TASK TO COMPLETE => In the data below, find the line with "Fundação CDL Pró" and output it along with every later line, exactly, but not the pictures.

DATA BLOCK =>
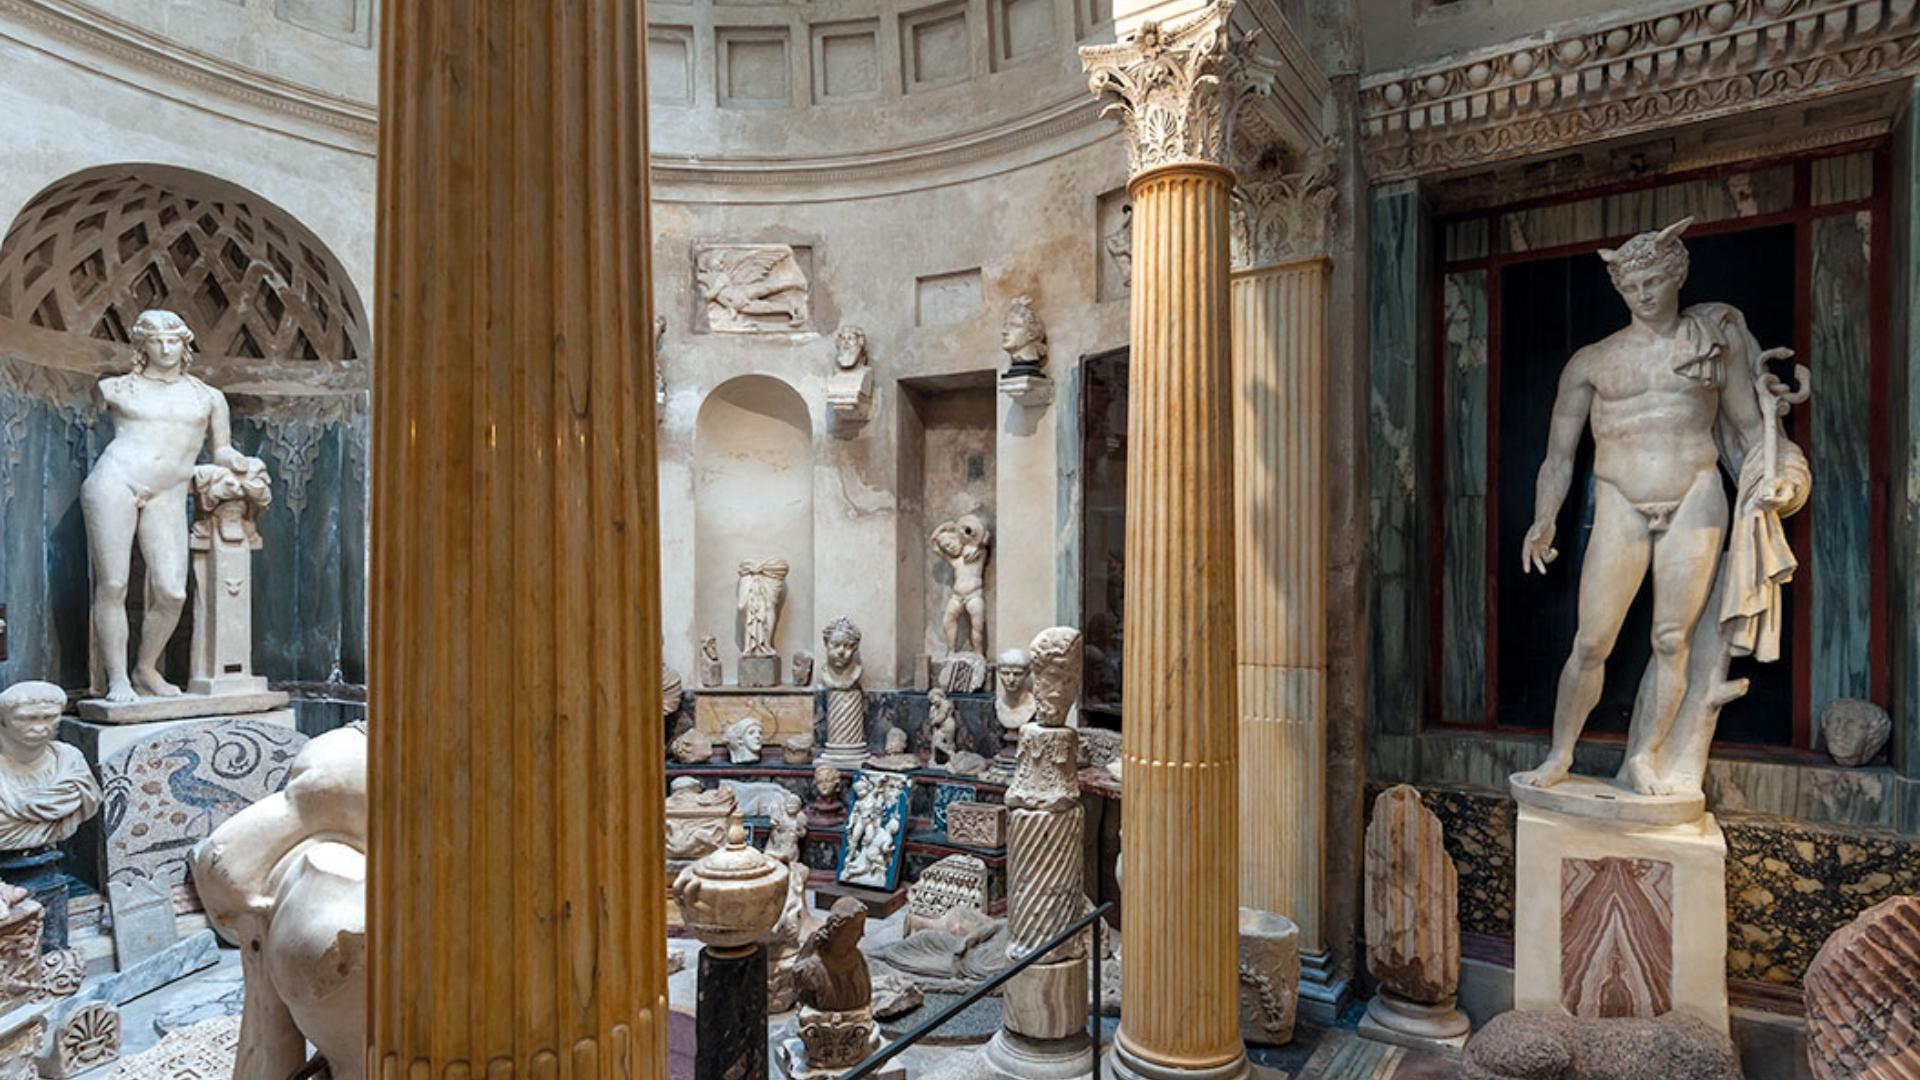 <p>Casa Museo Pogliaghi<br /> Esedra dei Marmi classici, un piccolo Pantheon voluto da Pogliaghi</p>
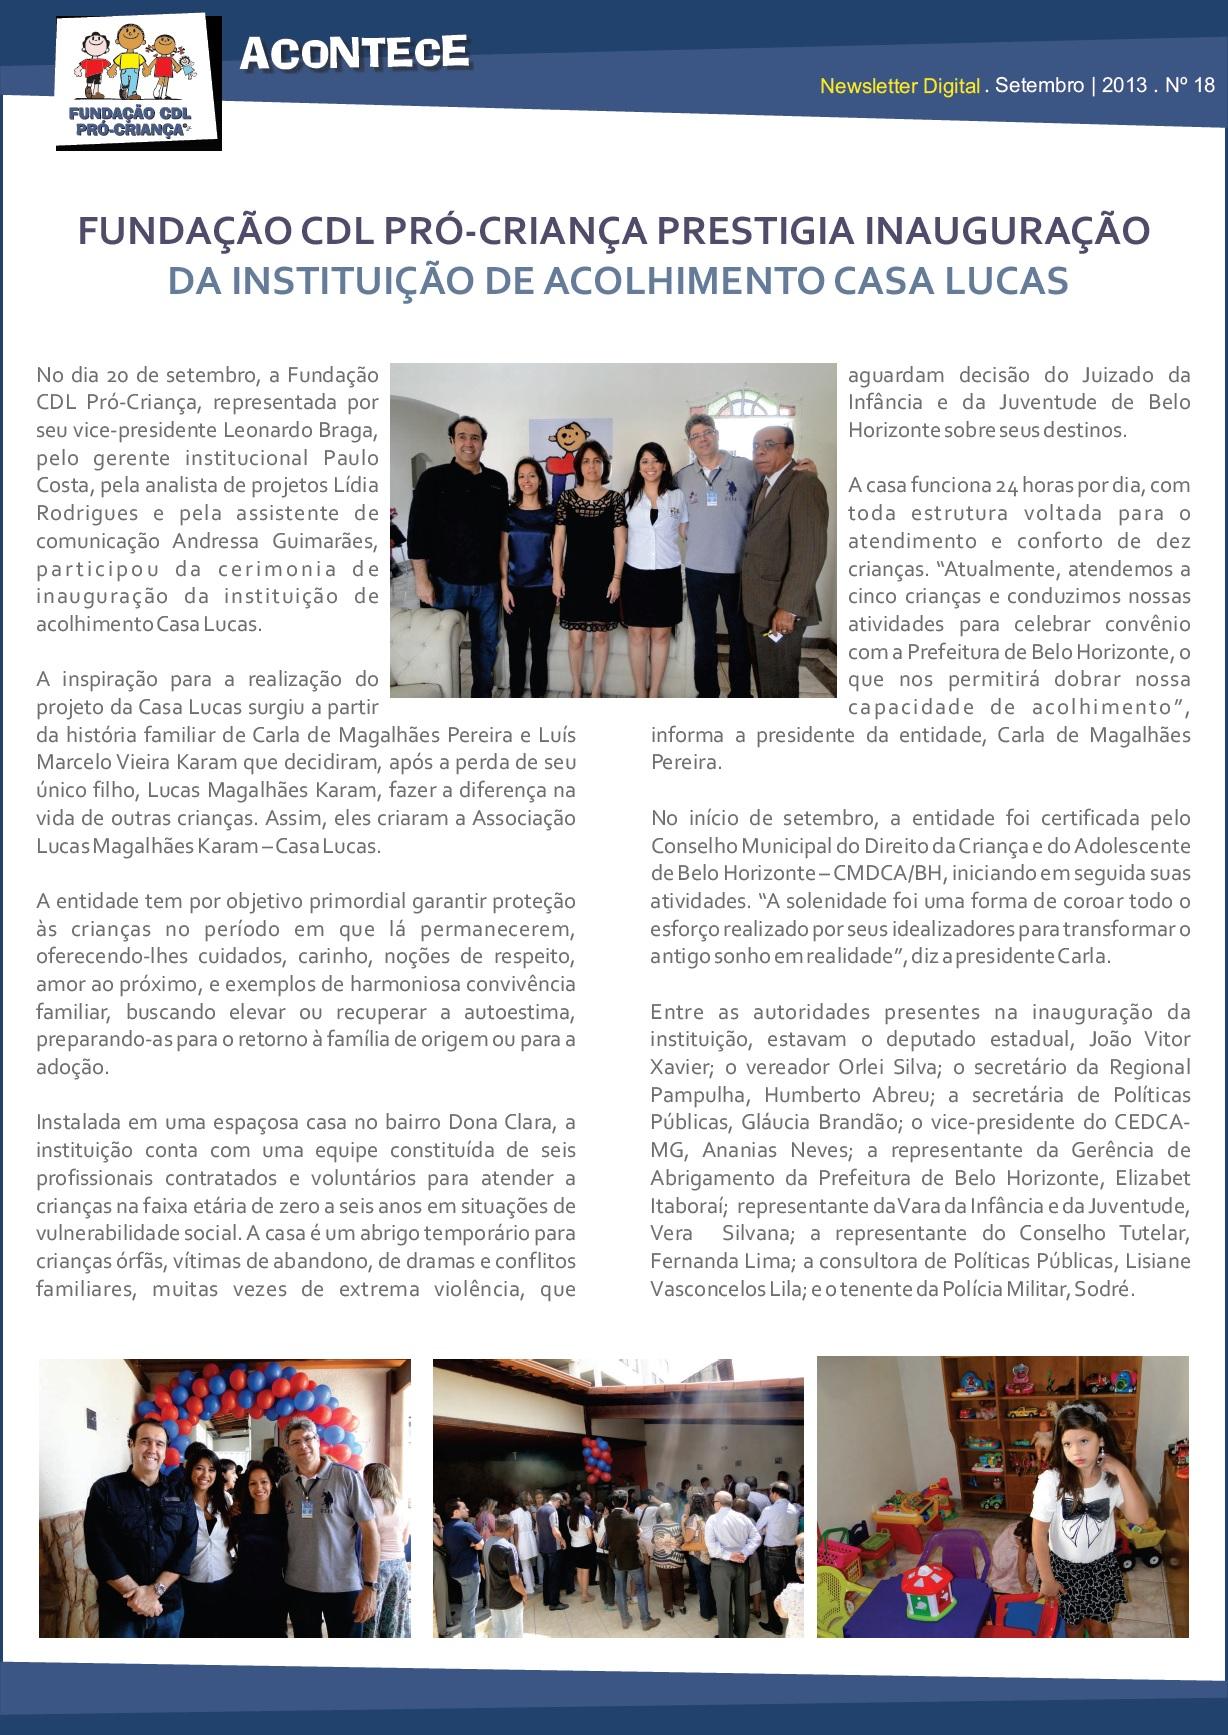 Fundação CDL Pró Criança prestigia inauguração da instituição de acolhimento Casa Lucas
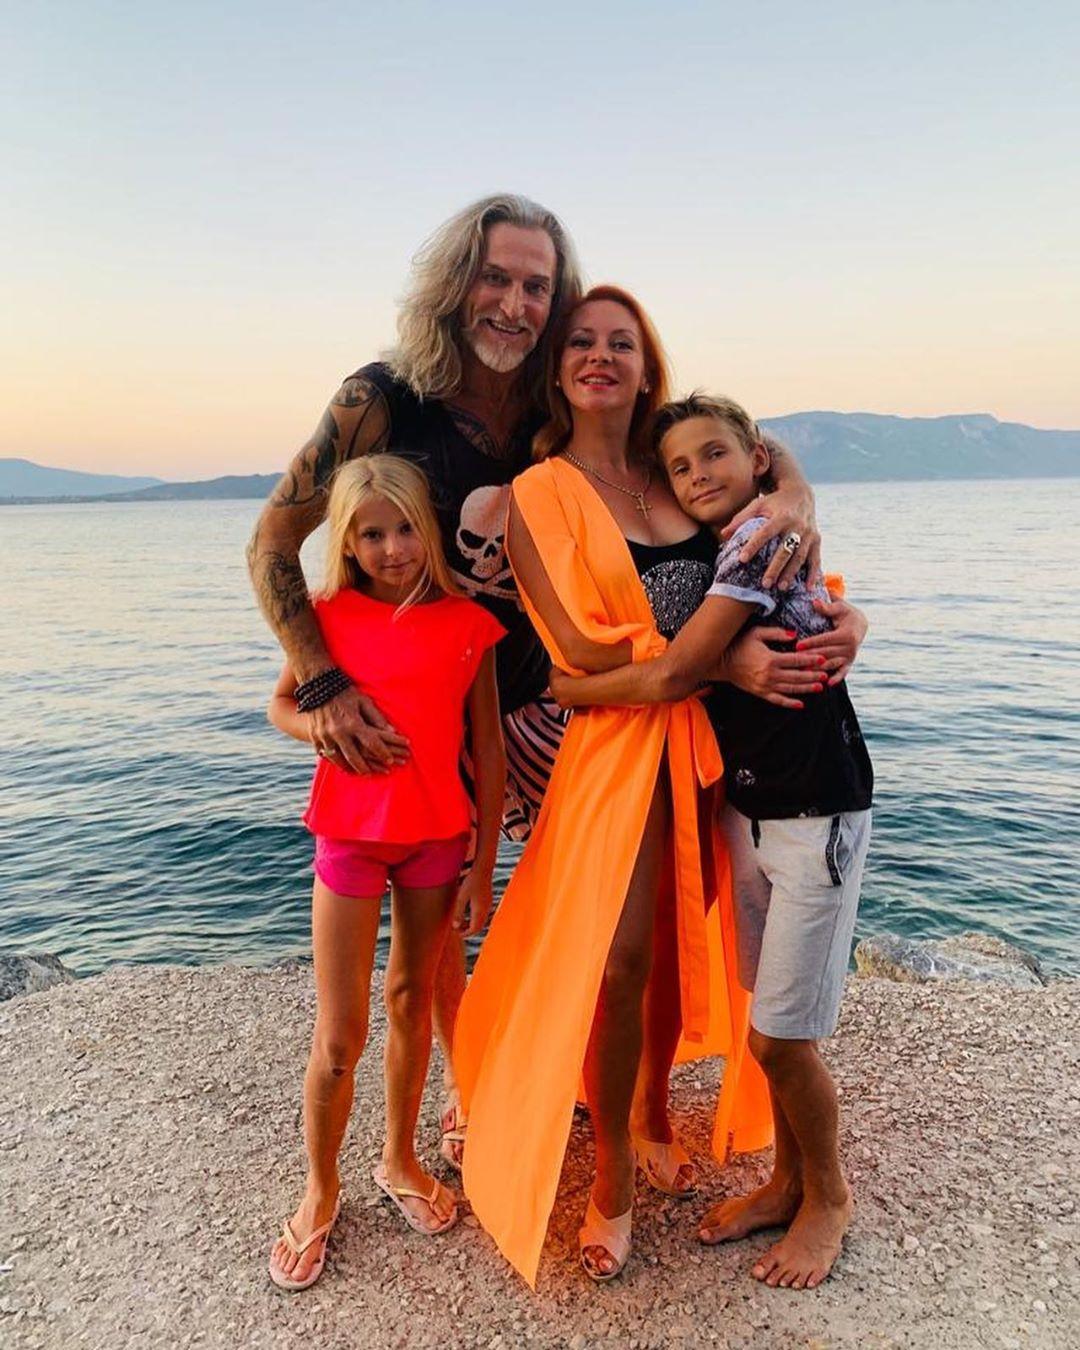 Вылитый папа! Марина Анисина поделилась фото мужа с повзрослевшим сыном

RESULT FOR THIS EXERCISE =>
 Fundação CDL Pró Criança prestigia inauguração da instituição de acolhimento Casa Lucas
 Вылитый папа! Марина Анисина поделилась фото мужа с повзрослевшим сыном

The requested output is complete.